Publié le 1 juillet 2016

Fasciné depuis 30 ans par Henri de Toulouse-Lautrec, le comédien Maurice Lamy s'est glissé facilement dans la peau du peintre, grâce à leur curieuse ressemblance.

La pièce « La vie de Toulouse-Lautrec » se termine, et Maurice Lamy me reçoit sur la scène du théâtre du Gymnase, tandis que sa sœur Faroudja s’affaire à ranger le décor. Le comédien évoque le peintre infirme et de petite taille, qui fut célèbre pour ses affiches du Moulin Rouge et de la Goulue, sa danseuse vedette...  et qui lui ressemble curieusement.

France Dimanche : Vous vous êtes surtout intéressé à l'homme et moins au peintre. Pourquoi Toulouse-Lautrec ?

Maurice Lamy : J’ai vu un autoportrait de Henri de Toulouse-Lautrec au théâtre de Bruxelles, et j’ai trouvé qu’il me ressemblait étrangement, avec le même regard, le même front. J’ai été subjugué. En rentrant à Paris, je me suis intéressé au personnage, c’était comme une révélation. J’ai pensé, nous sommes vraiment des clones ! A partir de cet instant, je me suis promis qu’un jour, j’écrirais sur lui. J’avais 20 ans, j’en ai 52 aujourd’hui ! A l’époque, je n’étais pas suffisamment mûr, pour m’attaquer à ce personnage historique. J’ai découvert très peu de choses sur lui, à part une analyse picturale, qui ne m’intéressait pas. J’ai donc imaginé le ressenti de cet homme handicapé, vivant dans un monde très bourgeois du 19ème siècle. C’était vraiment un nabot, au milieu de ces gens très bien apprêtés. Il était issu d’une famille aristocratique, troisième fortune de France.

AFFICHE SPECTACLE TOULOUSE LAUTREC MAURICE LAMY
AFFICHE SPECTACLE TOULOUSE LAUTREC MAURICE LAMY

F. D. : Pourquoi avez-vous choisi de mettre en scène ce lien qui unissait le peintre à sa mère Adèle ?

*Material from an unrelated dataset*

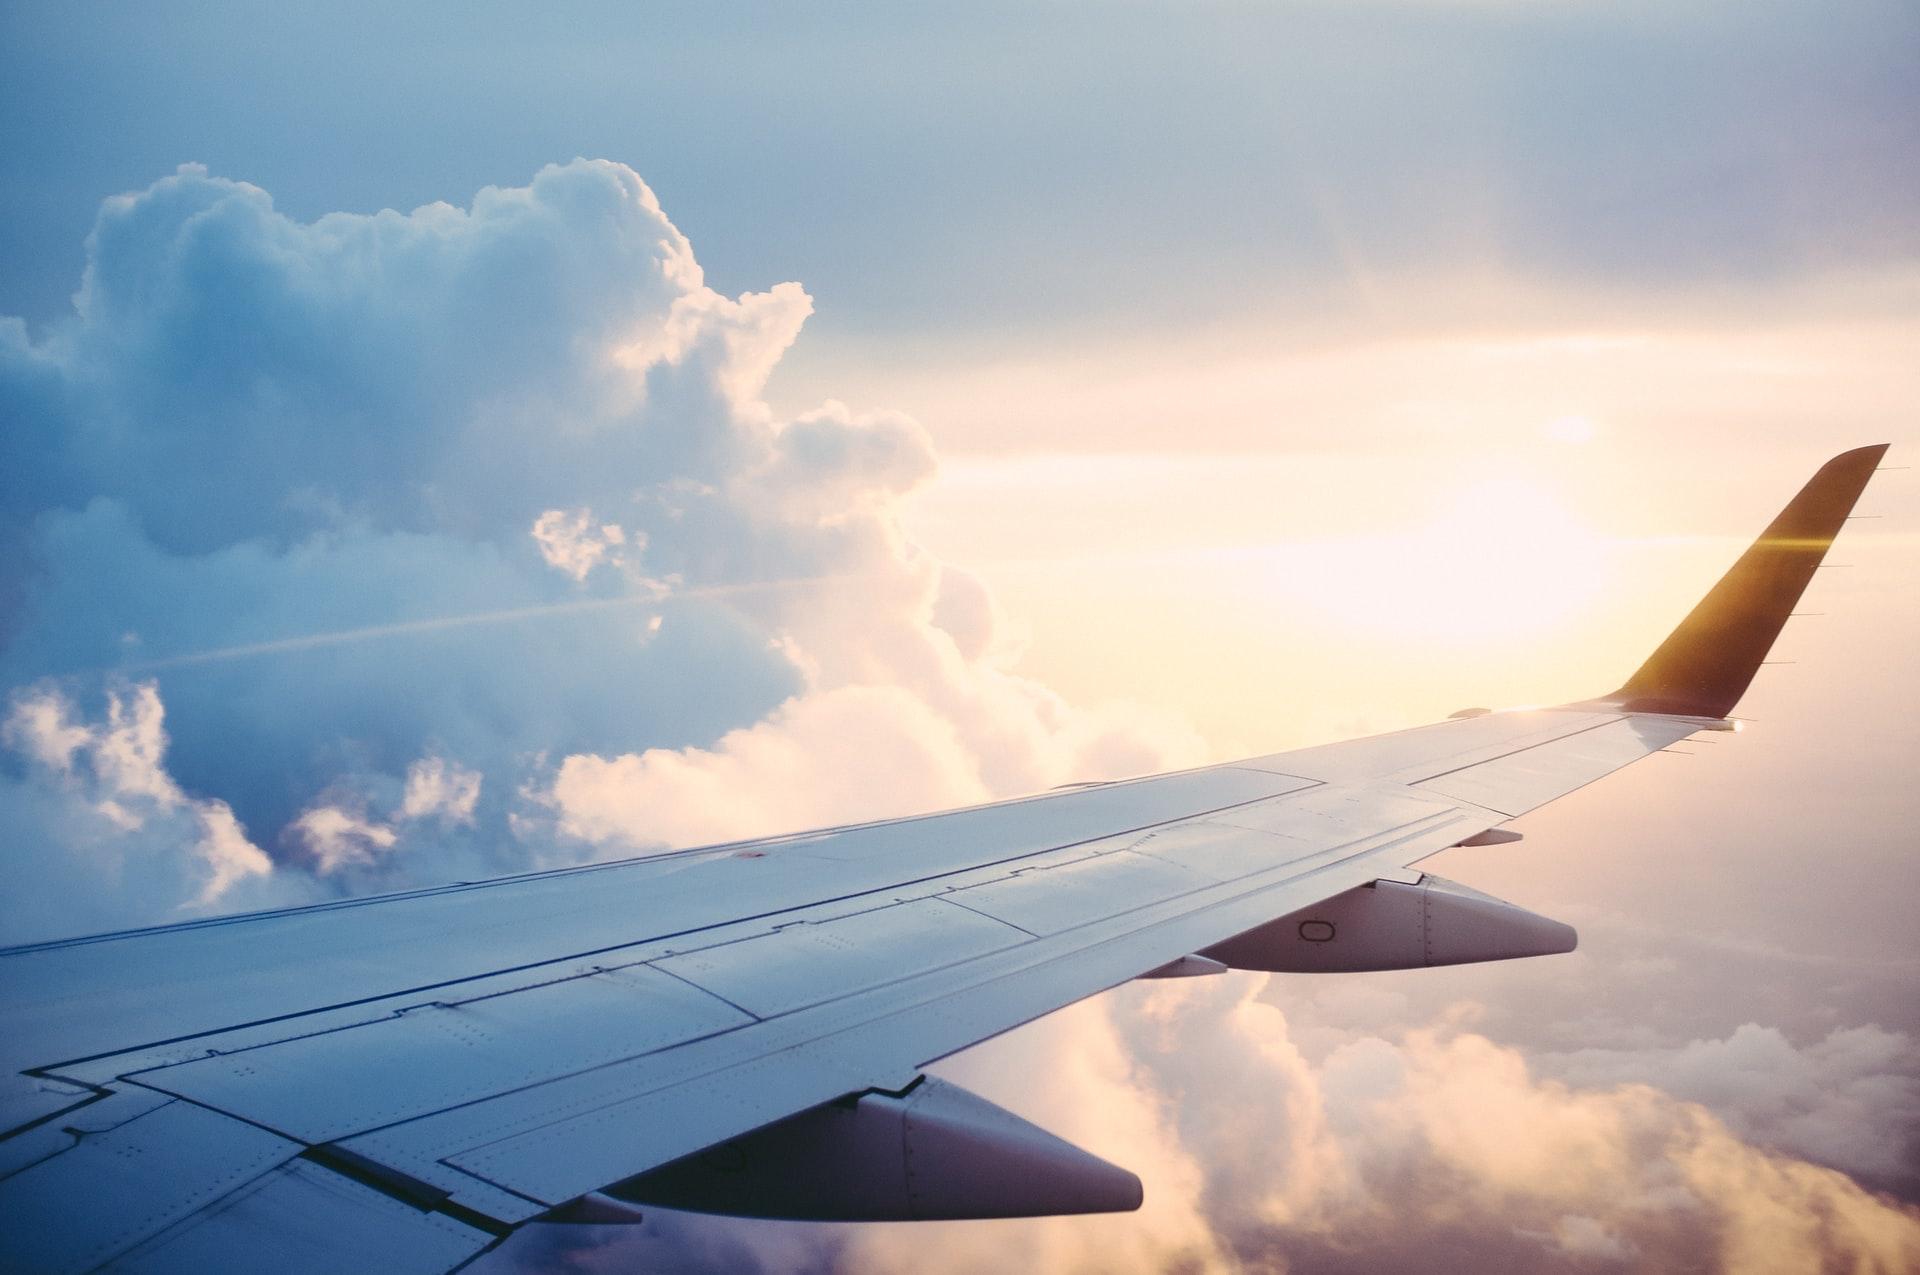 Firmy seškrtaly služební cesty letadlem i autem. Důvodem je uhlíková stopa i koronavirus

M. L. : Quand j’ai vu la photo d’Adèle, cette femme m’a aussitôt touché. Sans connaître sa psychologie, j’ai bien observé sa posture un peu rigide. Adèle, interprétée merveilleusement par Isa Mercure, le protège, le conseille, et lui prouve qu’elle l’aime sans lui dire. Il fallait une comédienne qui puisse vraiment apporter une dimension au personnage, et qui soit à la hauteur de Lautrec, qui est omniprésent. Il a été rejeté par Alphonse son père, passionné de chevaux, parce qu'Henri ne pouvait pas monter un canasson. L’équitation lui était interdite à cause de sa fragilité osseuse. Le calcium ne se fixait pas sur ses os, et il a subi plusieurs fractures du fémur qui ont ralenti sa croissance. Ce qui l’a obligé à se servir d’une canne très jeune. Avec la grande tradition des chasses à courre, qui étaient l’occasion indispensable d’indiquer sa position sociale et de trouver une femme, Alphonse ne supportait pas que son fils ne puisse pas monter à cheval. Alors, j’ai eu envie que le personnage d’Adèle, marque le côté positif, avec son amour, sa tendresse, sa compréhension, et qu’elle soit un soutien indéfectible par rapport au père, qui se moque éperdument des expositions de son fils et de ses tableaux.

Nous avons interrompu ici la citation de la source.